The compiler also makes use of predication to collapse small blocks of conditionally executed  code, thus   eliminating  branches and their overhead. Among other optimizations, the compiler does function inlining, software-pipelining, synthetic branch frequency based optimizations, as well  as  inter-procedural  analysis.

The  internal representation of the compiler uses primitive operations similar to those found in RISC processors. Optimizations prior to scheduling and register  allocation  are performed on a  DFG with such  operations as nodes. The instruction selector provides a binding between such RISC operations and instructions in the eLite architecture. Instruction  selection is  carried out along with  instruction  scheduling based on a number of factors such as data type and size of operands, automatic update of registers, resource requirements, etc.

A  vectorization phase  has been developed to make  efficient use of  the SIMD instructions and the unique Vector Element Register file (VER) of the eLite DSP. The VER is modeled as a compiler-controlled  memory which can be  indirectly addressed using  vector pointer registers.  Because all VER allocations are done by the compiler, complete aliasing information for VER accesses is available. The  compiler takes advantage of  this fact by applying  aggressive memory-related  optimizations.
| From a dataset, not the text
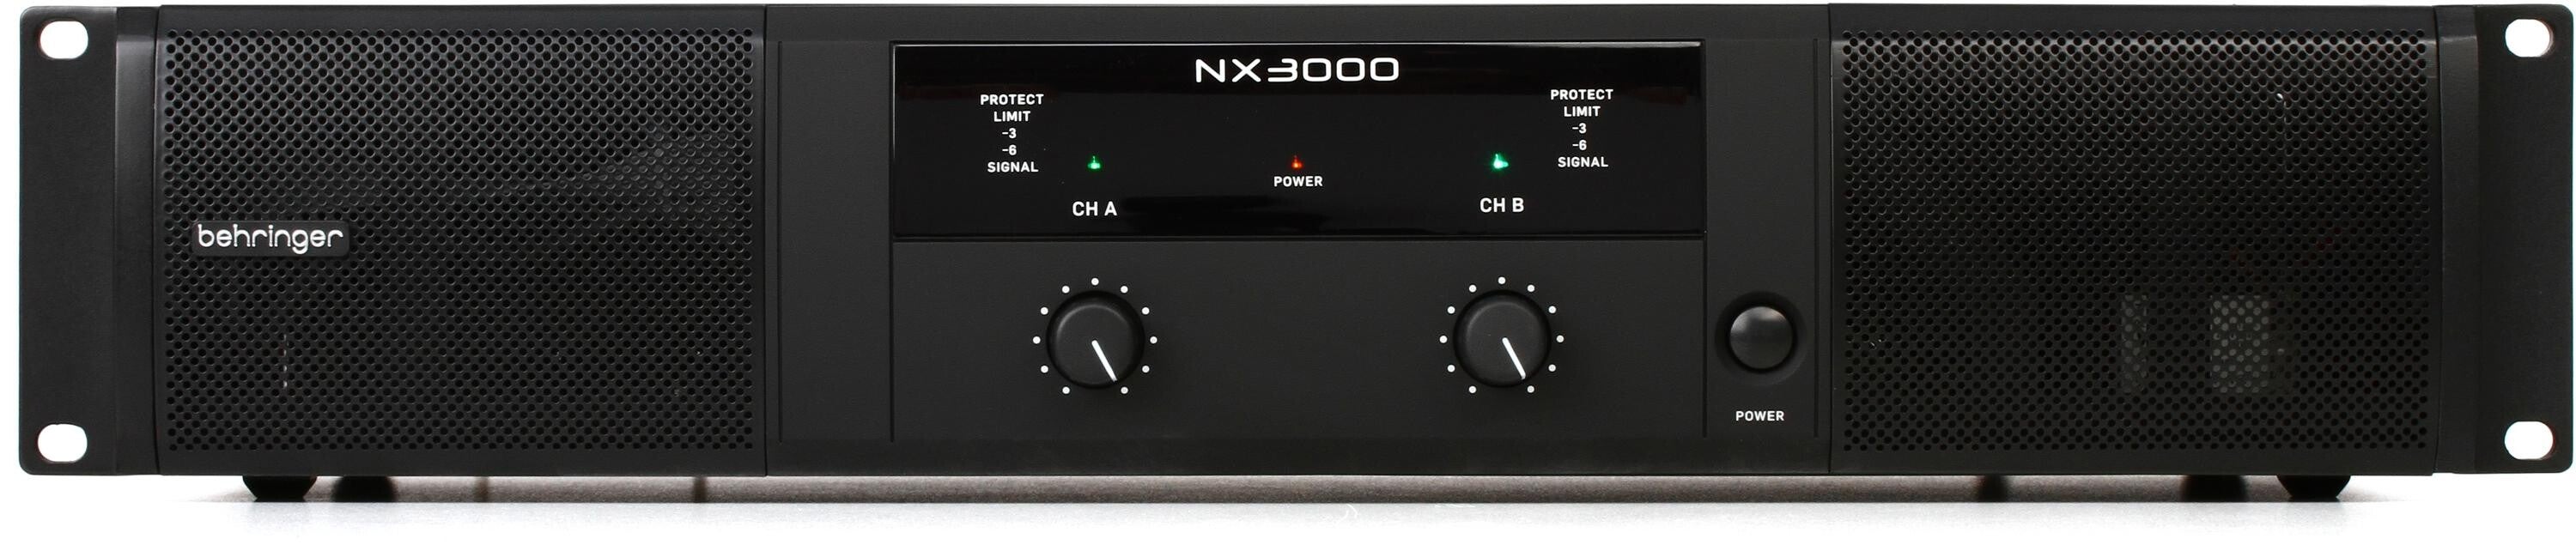 Behringer NX3000 3000W 2-channel Power Amplifier | Sweetwater

The high-level vectorization scheme is similar to the unroll-and-jam technique - the loop is unrolled by a  factor of 4, and scalar  operations are replaced  with their SIMD versions. In some  cases, the compiler performs additional optimizations, such as pre-loading data into the VER before the loop to  eliminate redundant loads. An  important stage of  vectorization is setting up vector pointers.  Flexibility of VER access through vector pointers allows efficient compilation of computations that  involve non-consecutive data access  patterns. This  aggressive vectorization optimization is based on a set  of innovative analyses, on top of the standard vectorization tests such as . The compiler  analyzes memory access patterns in  order to effectively  vectorize loads and stores within each iteration. Loop  context analysis eliminates memory loads and stores across iterations and between  different loops. Additional  transformations which expose more  parallelism, such as loop transformations, continue to undergo  development.
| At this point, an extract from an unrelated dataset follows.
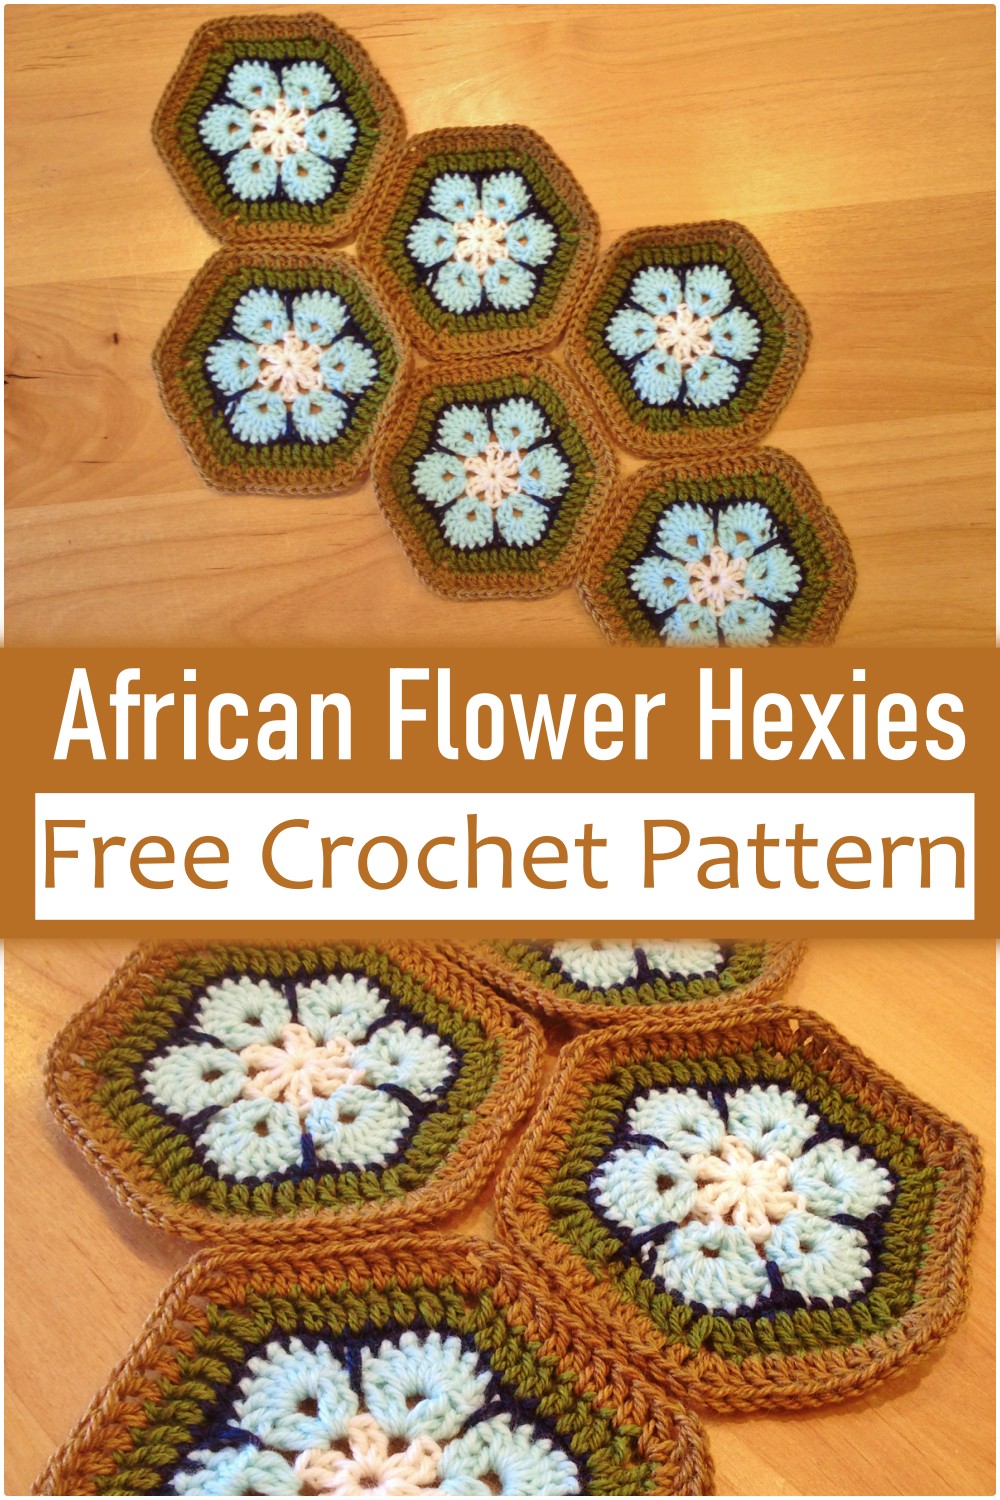 African Flower Hexies

The register name space in the eLite DSP architecture is  functionally partitioned into  multiple register files associated  with respective functional units. This results in a set of register  types such as integer register (IR), address register (AR), vector  element register (VER), and  vector accumulator register (VAR). The  compiler is responsible for assigning each register Def to a specific  register file/type, and for inserting explicit instructions  moving the data between  different register files. Given a register Def,  the operation defining it, and the operations using it, the choice of a  register file is guided by the following considerations:

 1. Availability of operations in different functional units
2. Performance issues, such as pipeline latencies of instructions, possibilities of VER reuse, etc.

The partitioning process based on  the  above is augmented with an efficient min-cut graph  partitioning  based scheme that minimizes the communication between the register files in order to reduce the number of move instructions

 Resource modeling

The primary goal of the resource model in a compiler is one of providing an  abstract  view of the processor to the machine-dependent  optimization routines. A  cycle-accurate model of the processor has been developed to model pipeline resources, register file ports, and the  interconnect  bus. We have also developed some low-overhead  techniques to model non-uniform  port access delays resulting from microarchitecture techniques that reduce power and hardware complexity,  such as  restricted bypasses. In addition, the resource model  provides internal-to-ISA instruction  mapping information for the instruction selector, resource conflict checking and reservation  functions  required during scheduling, and register Def/Use timing  information required during register allocation.  The entire resource model generation is automated and table-driven, based on  machine-generated  architectural descriptions shared by other tools, which  also helps reduce the turn-around time for architectural  exploration.

 Scheduling and register allocation

Generating efficient code for long non-interlocked  pipelines is a big challenge by itself. When  scheduling instructions, the  compiler must have accurate timing information about the  access to data (read and write) and to the shared resources used by the  instructions. Conservative bounds are  used while compiling certain  regions of code (e.g., across calls) where complete timing  information is not available, which in turn prevent the compiler from carrying  out aggressive scheduling  techniques, such as scheduling  instructions in the shadow of other instructions, in those  regions.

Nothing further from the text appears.